Мы оба очень мало верили проницательности аудитора, еще меньше – возможности захватить на этой дороге Бонапарта; но достичь его было самою меткою мечтою, самым пылким желанием, так сказать осью помешательства, – ив этот раз, по обыкновенной всей людям слабости к вестям самым несбыточным, впали в раздумье. «Чем черт не шутит! – ворчал поручик. – Легко статься может, что Наполеон нарочно кинулся проселками, обманывая погоню! Может, истребленный батальон был его конвоем!.. Из чего бы иначе им так упорно было драться!» В таких мыслях бросились мы к дверям, в которые входила толпа наших наездников с пленным посереди.
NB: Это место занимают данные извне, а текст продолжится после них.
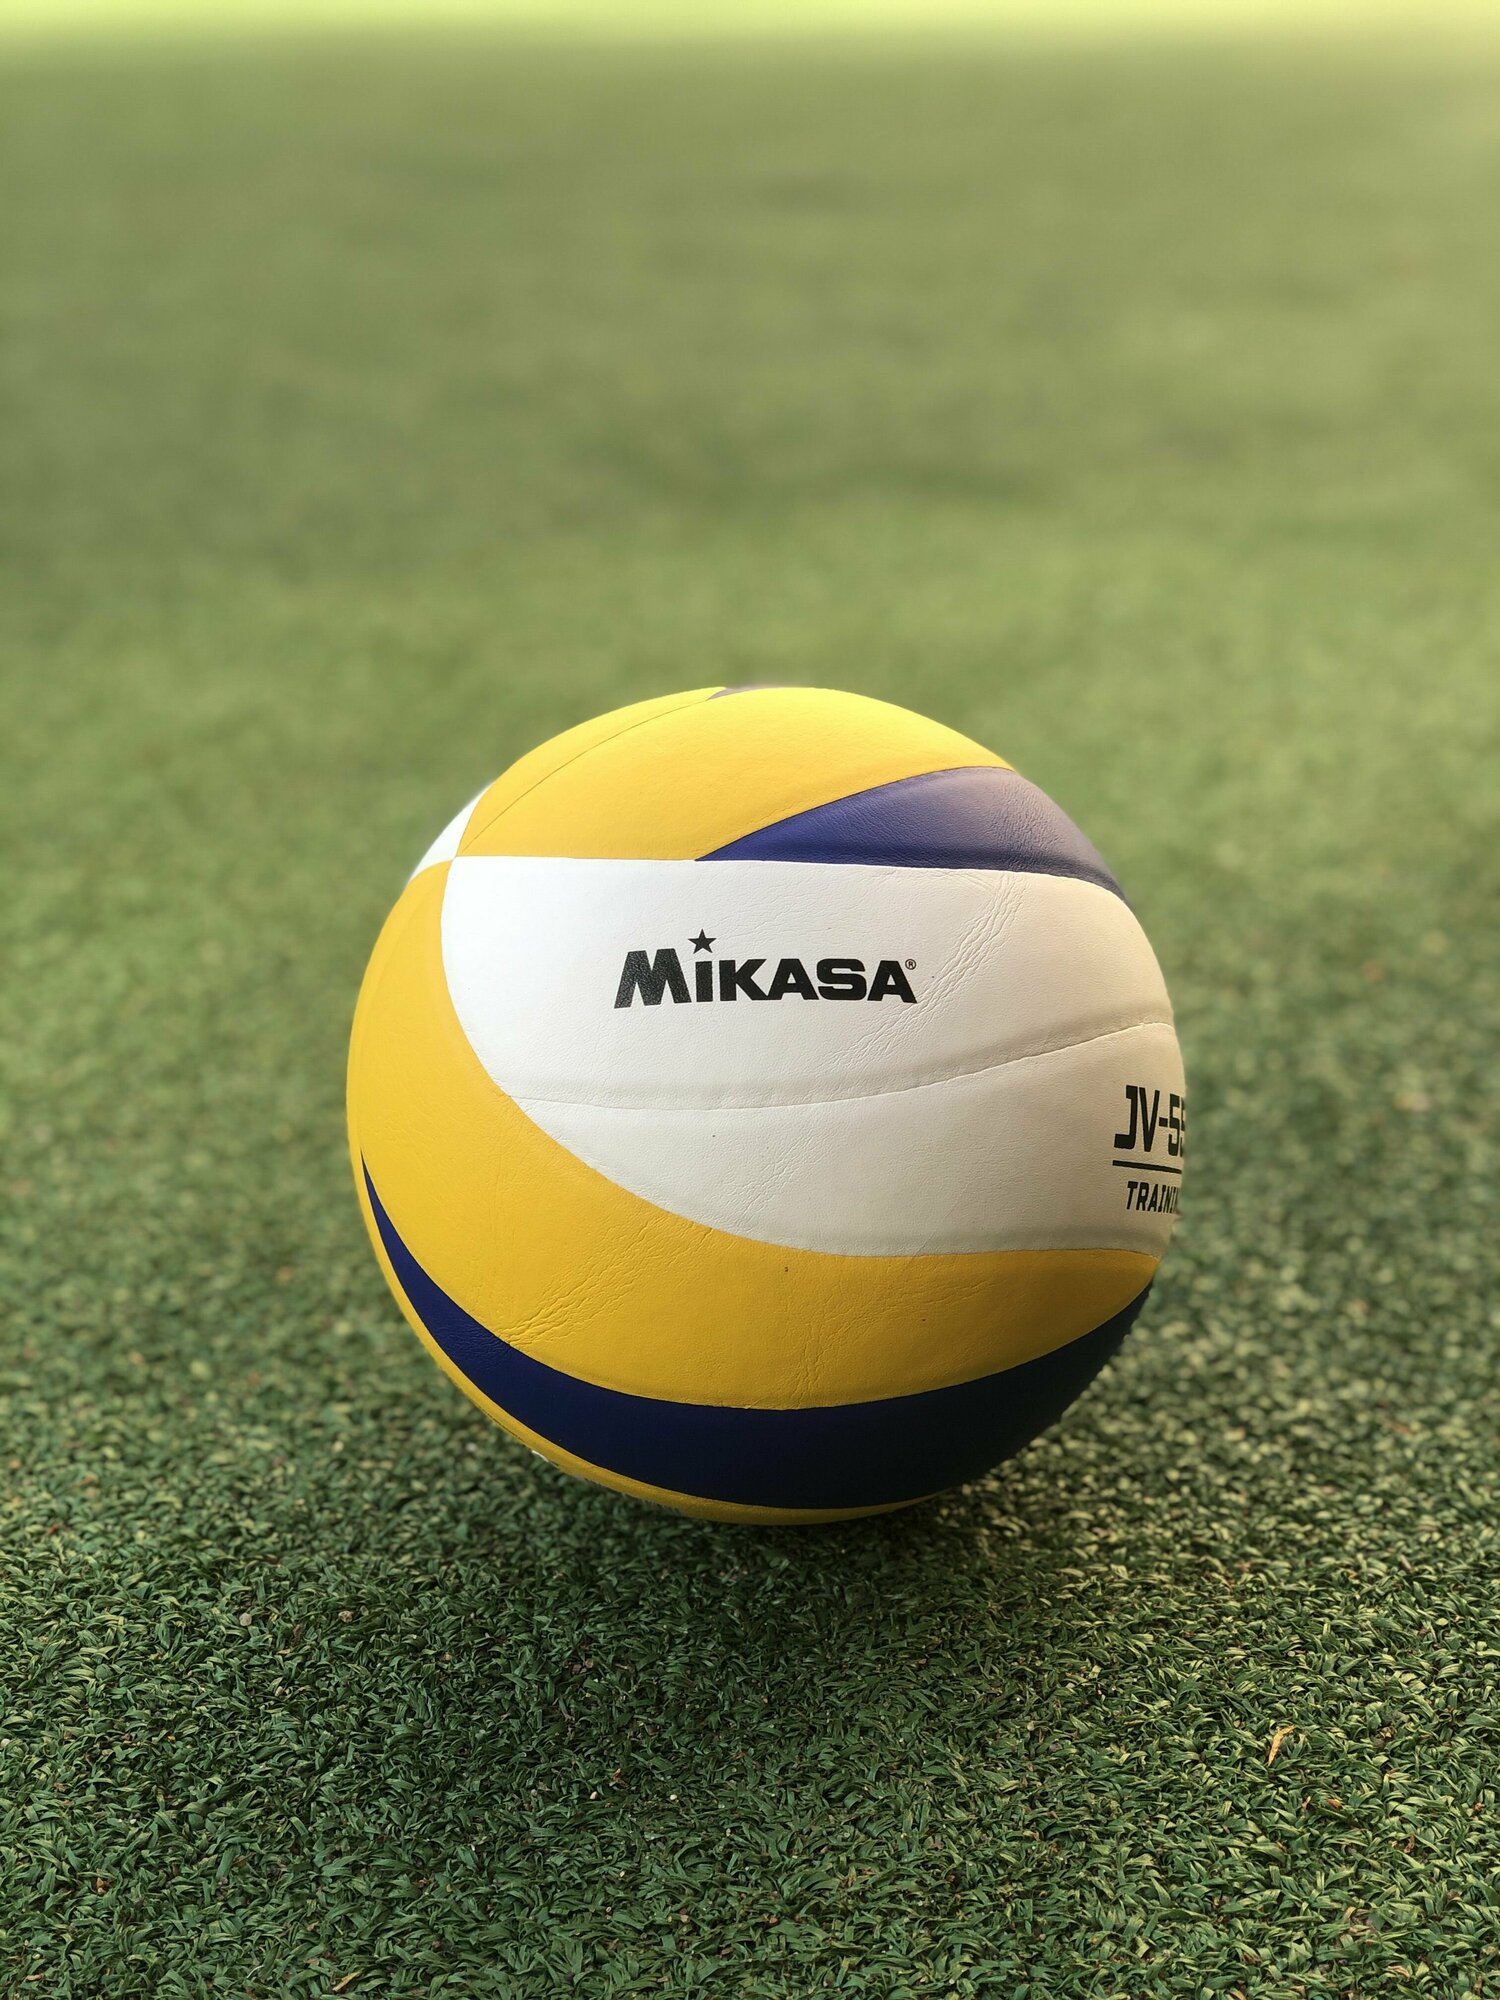 Мяч волейбольный Mikasa JV-550, размер 5, профессиональный с насосом, для тренировок

– Вот он, вот он! – шумели гусары. Они уж вспрыснули победу некупленного водкою, и были, что называется, навеселе, и еще более расхорохорились от уверений аудитора.

– Я первый увидел его, ваше благородие! – сказал, выступи вперед, рослый драгун.

– Я первый нашел его! – восклицал другой, пристукивая каблуком, чтоб его не забыли, так мочно, что с потолка падала известь.

– Я первый схватил его!.. – уверял казак.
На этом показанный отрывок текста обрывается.